[What you should do]:
Taking only the lines of the data below from the line with "London, UK. 23rd" to the line with "Rolex Cellini 5330, White", ends included, write them out exactly and without pictures.

[Material shown]:

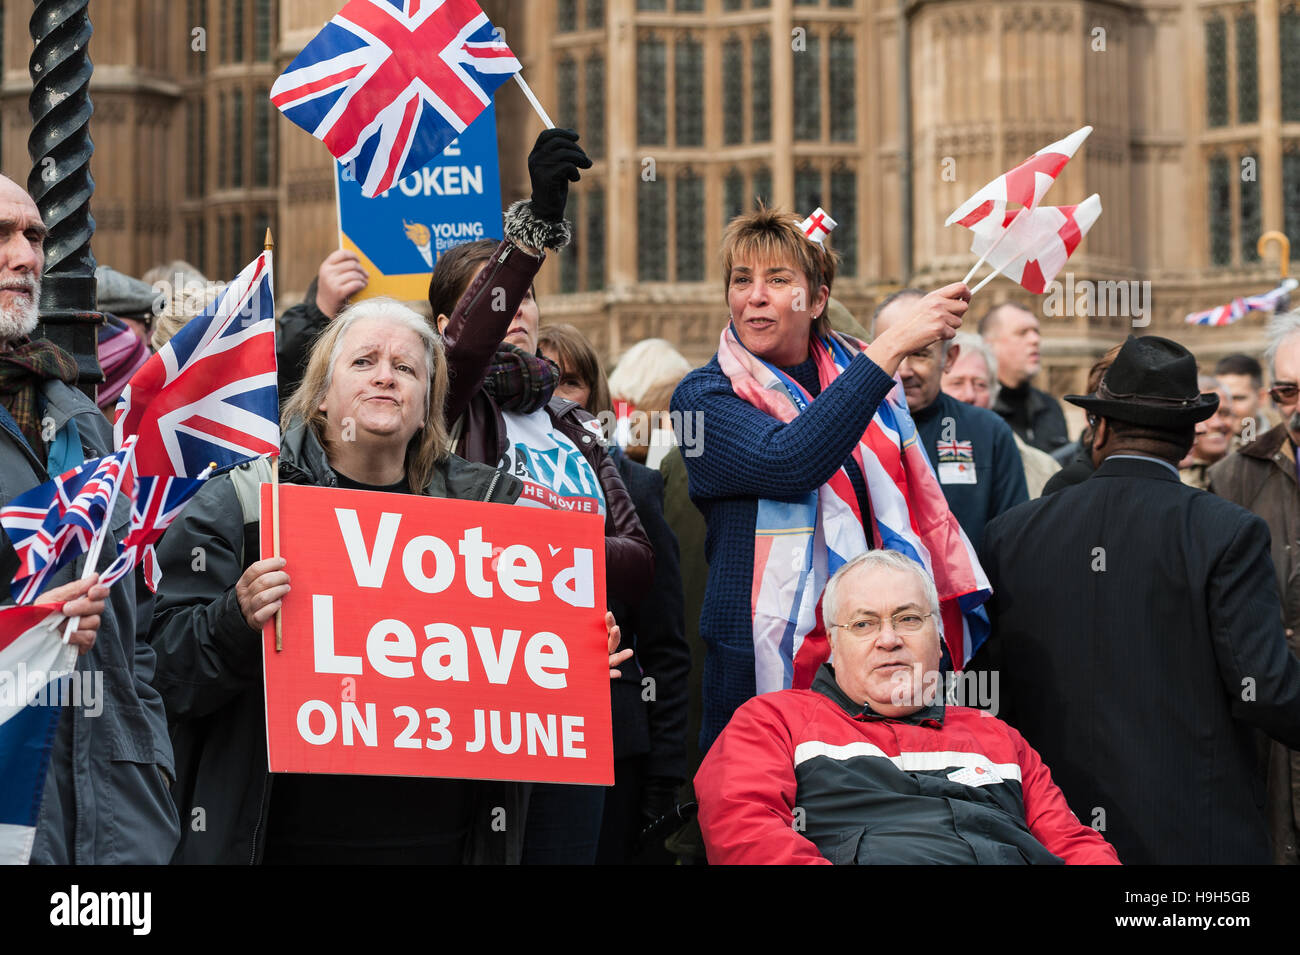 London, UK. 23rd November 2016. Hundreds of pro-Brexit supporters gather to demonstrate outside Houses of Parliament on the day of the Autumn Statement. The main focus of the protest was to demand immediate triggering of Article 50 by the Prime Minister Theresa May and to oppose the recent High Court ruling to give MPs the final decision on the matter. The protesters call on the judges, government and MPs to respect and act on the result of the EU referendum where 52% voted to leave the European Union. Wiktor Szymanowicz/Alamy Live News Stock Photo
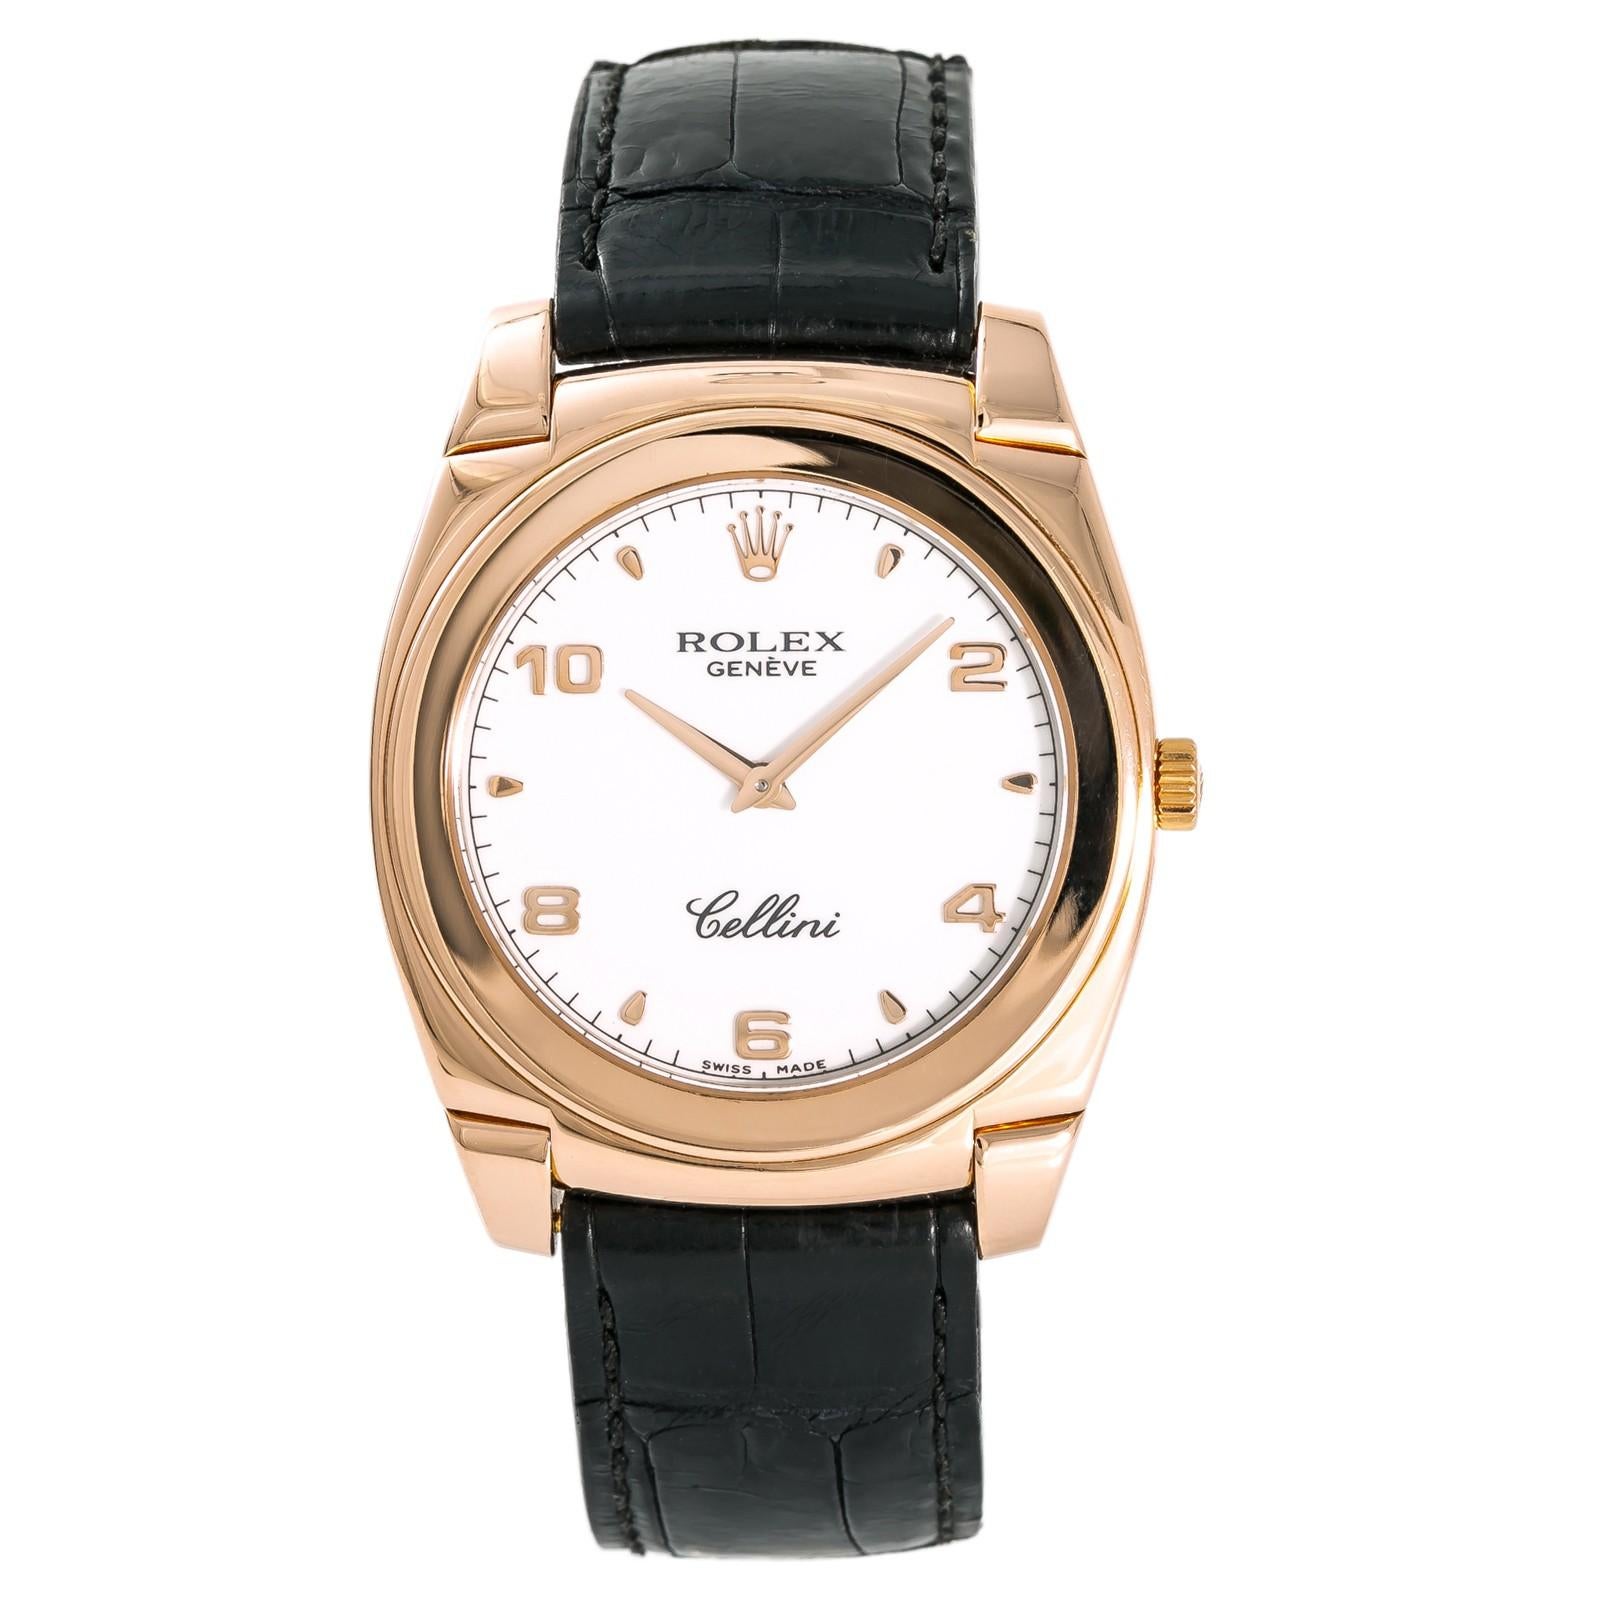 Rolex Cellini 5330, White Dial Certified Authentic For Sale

==

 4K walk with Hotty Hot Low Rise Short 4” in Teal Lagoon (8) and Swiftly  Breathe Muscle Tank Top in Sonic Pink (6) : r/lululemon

* * *

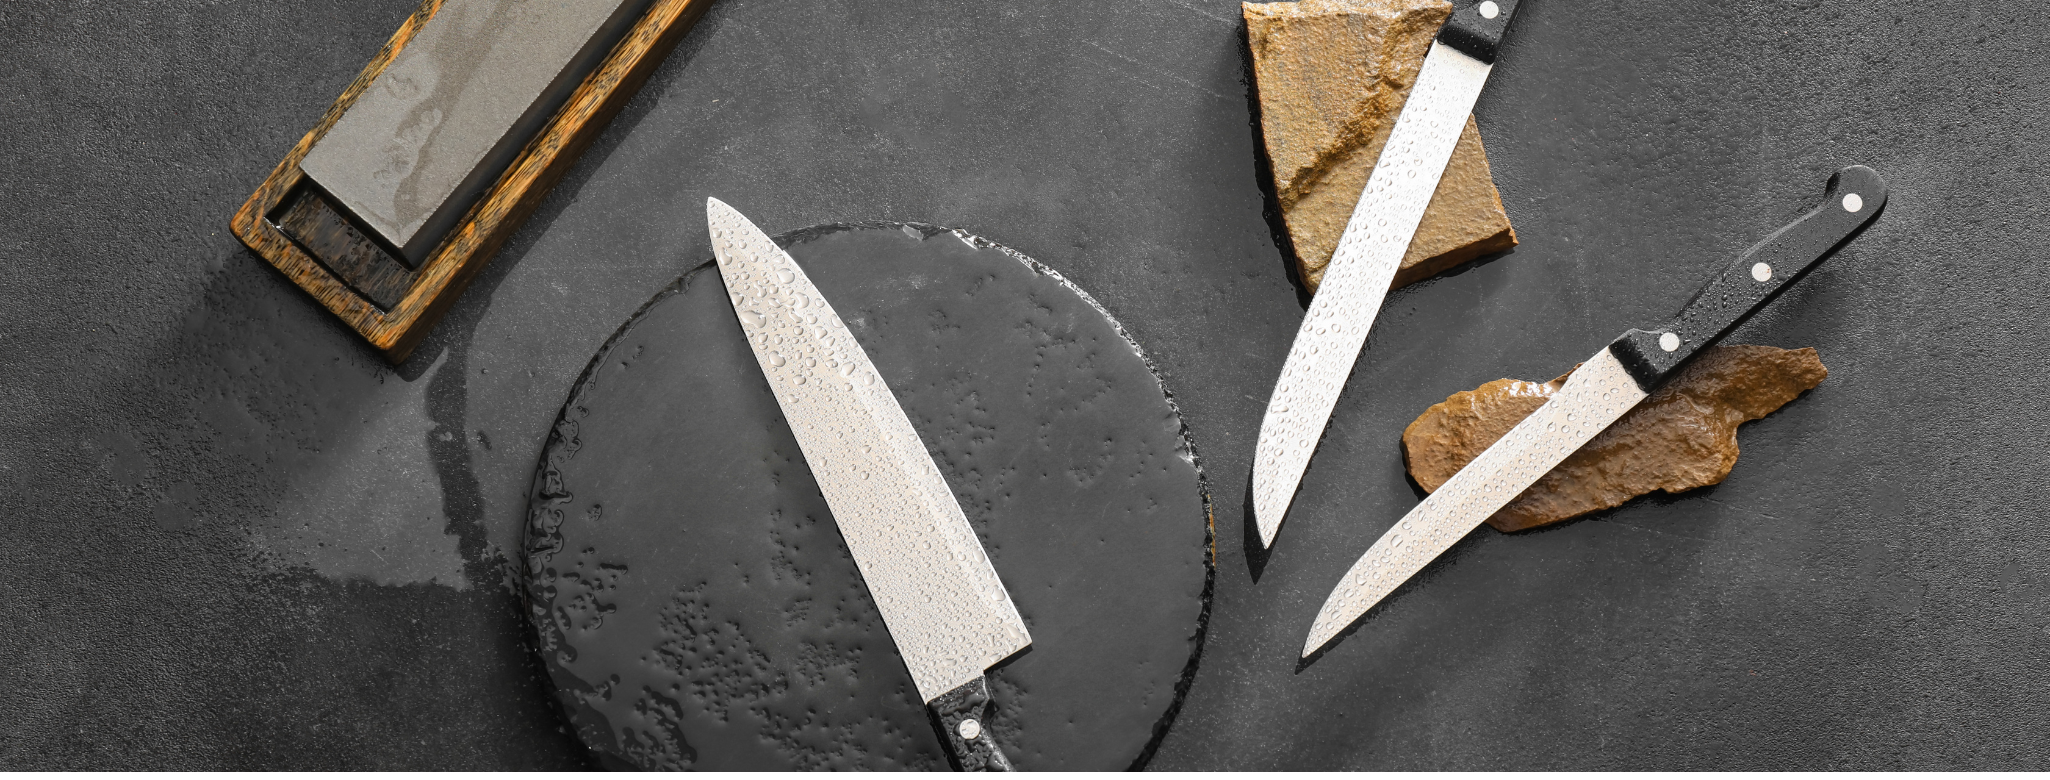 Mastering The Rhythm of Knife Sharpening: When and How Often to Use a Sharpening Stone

[Exercise result]:
 London, UK. 23rd November 2016. Hundreds of pro-Brexit supporters gather to demonstrate outside Houses of Parliament on the day of the Autumn Statement. The main focus of the protest was to demand immediate triggering of Article 50 by the Prime Minister Theresa May and to oppose the recent High Court ruling to give MPs the final decision on the matter. The protesters call on the judges, government and MPs to respect and act on the result of the EU referendum where 52% voted to leave the European Union. Wiktor Szymanowicz/Alamy Live News Stock Photo
 Rolex Cellini 5330, White Dial Certified Authentic For Sale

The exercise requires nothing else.